• **Dataset records**:
■ ■ ■ ■ ■

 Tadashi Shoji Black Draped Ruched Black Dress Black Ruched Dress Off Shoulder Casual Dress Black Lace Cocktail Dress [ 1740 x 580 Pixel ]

■ ■ ■ ■ ■

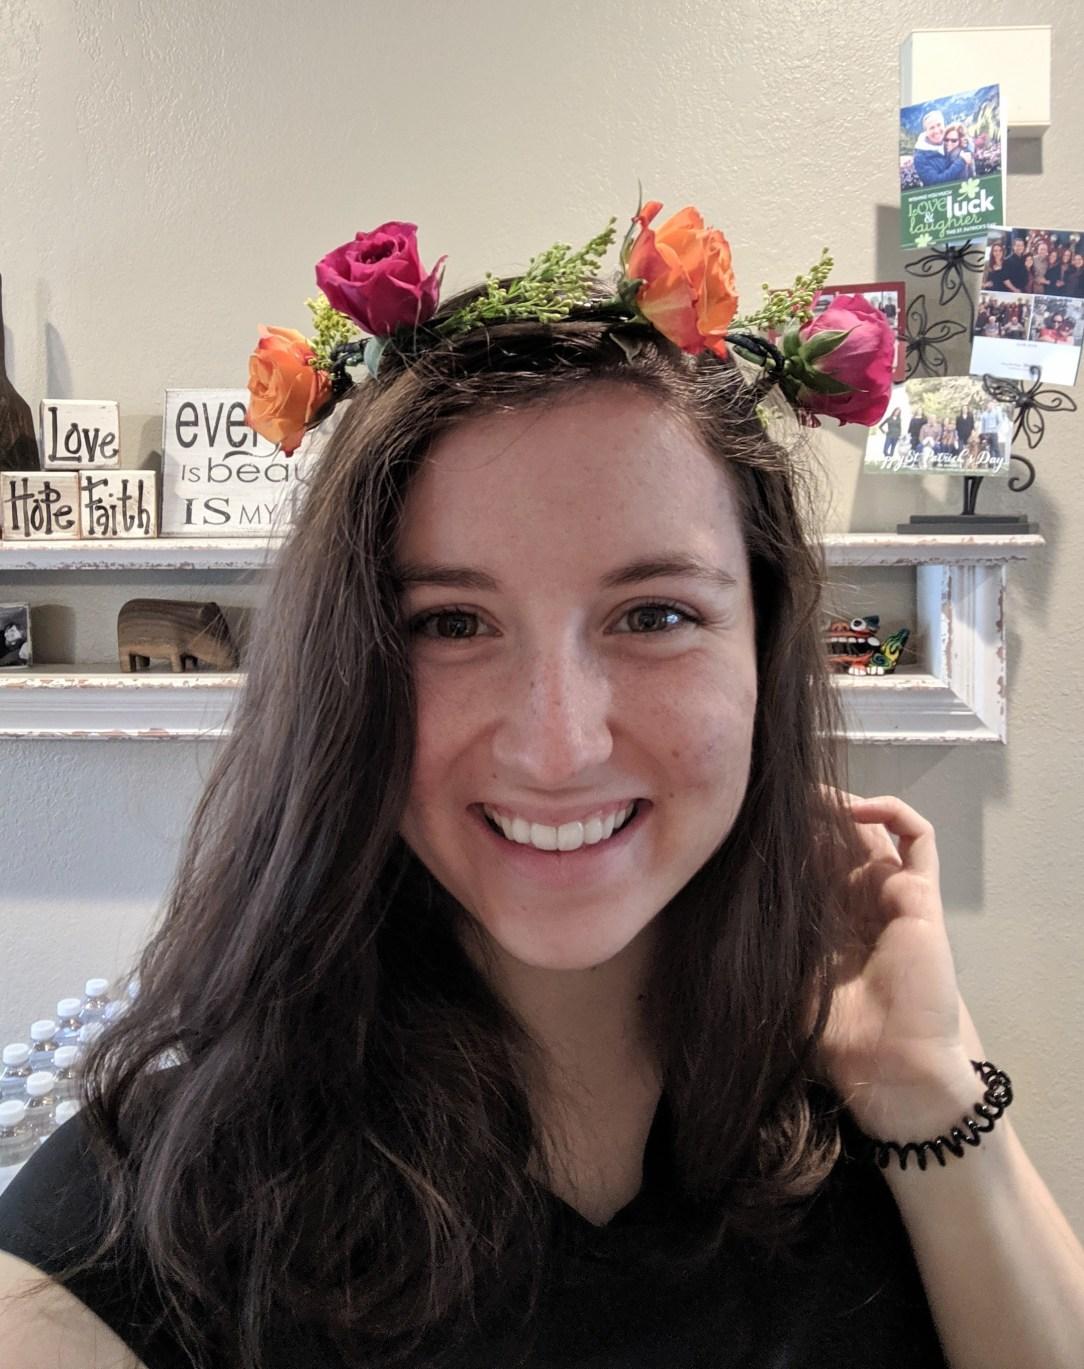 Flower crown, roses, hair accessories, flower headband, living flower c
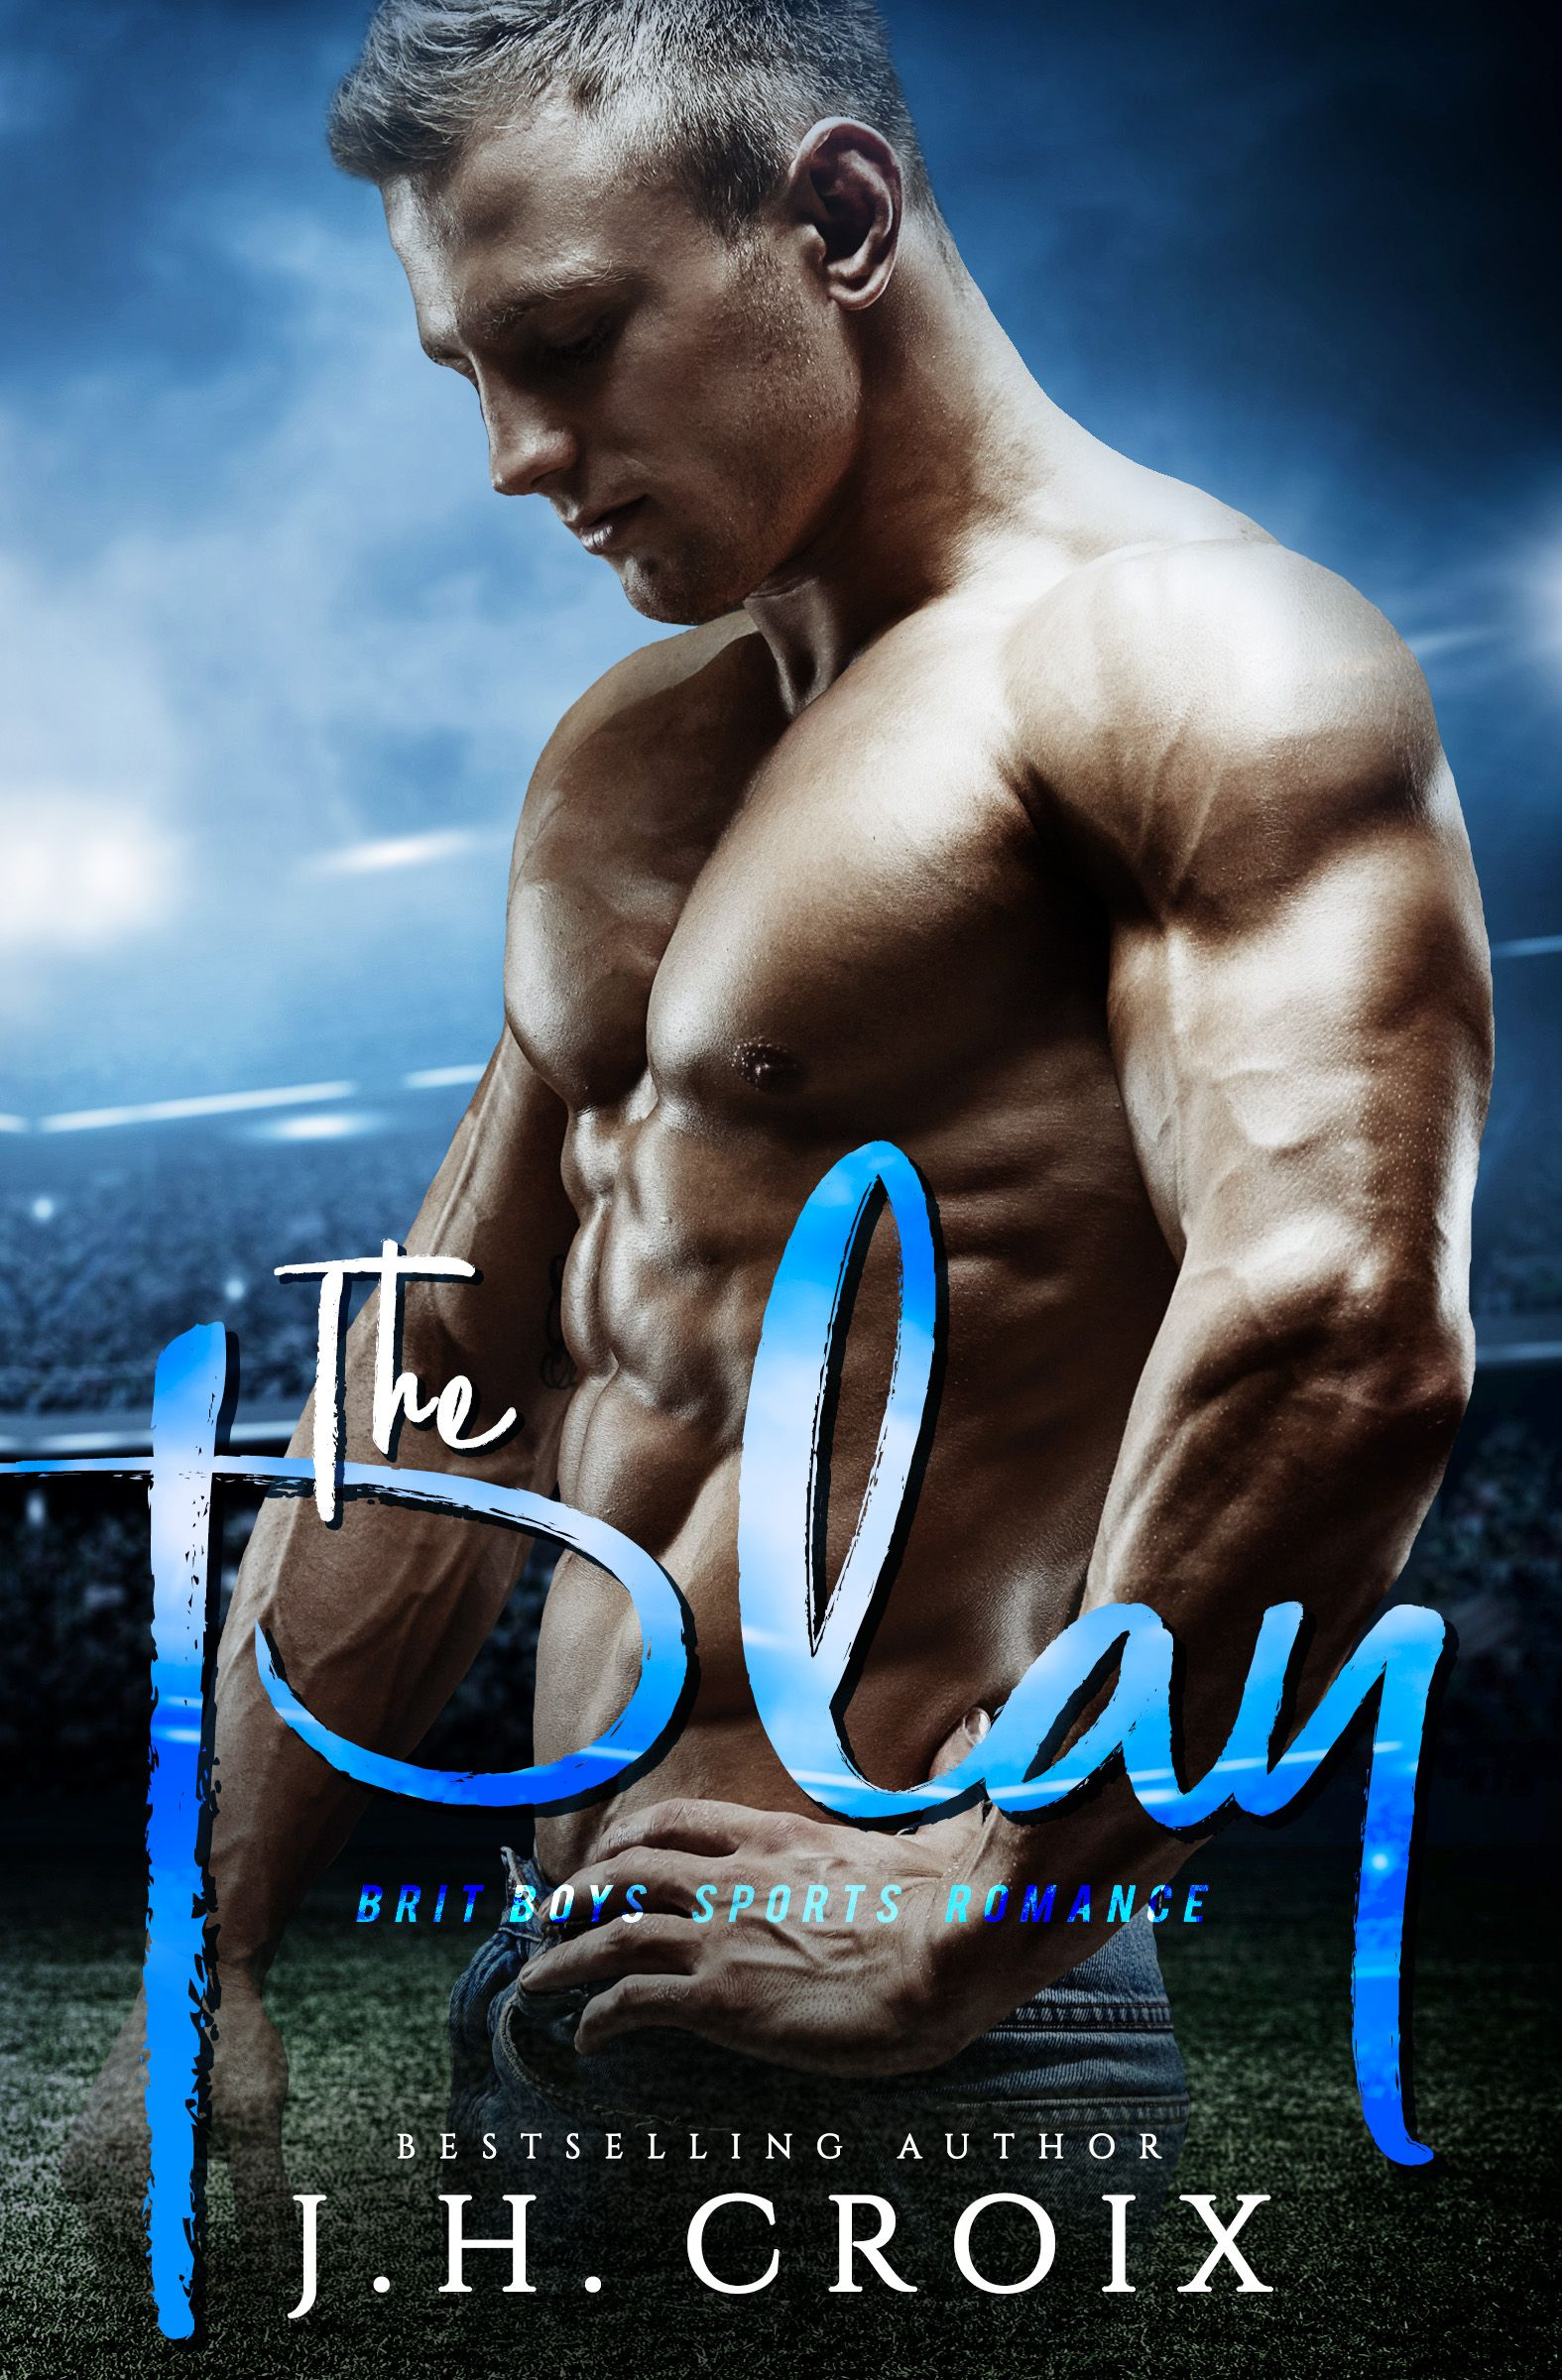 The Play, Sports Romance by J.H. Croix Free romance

■ ■ ■ ■ ■

• **Task statement**: Copy exactly the material above from the line with "Flower crown, roses, hair" to the line with "The Play, Sports", ends included, and nothing else. Leave out any picture.

• **Reply**:
 Flower crown, roses, hair accessories, flower headband, living flower c
 The Play, Sports Romance by J.H. Croix Free romance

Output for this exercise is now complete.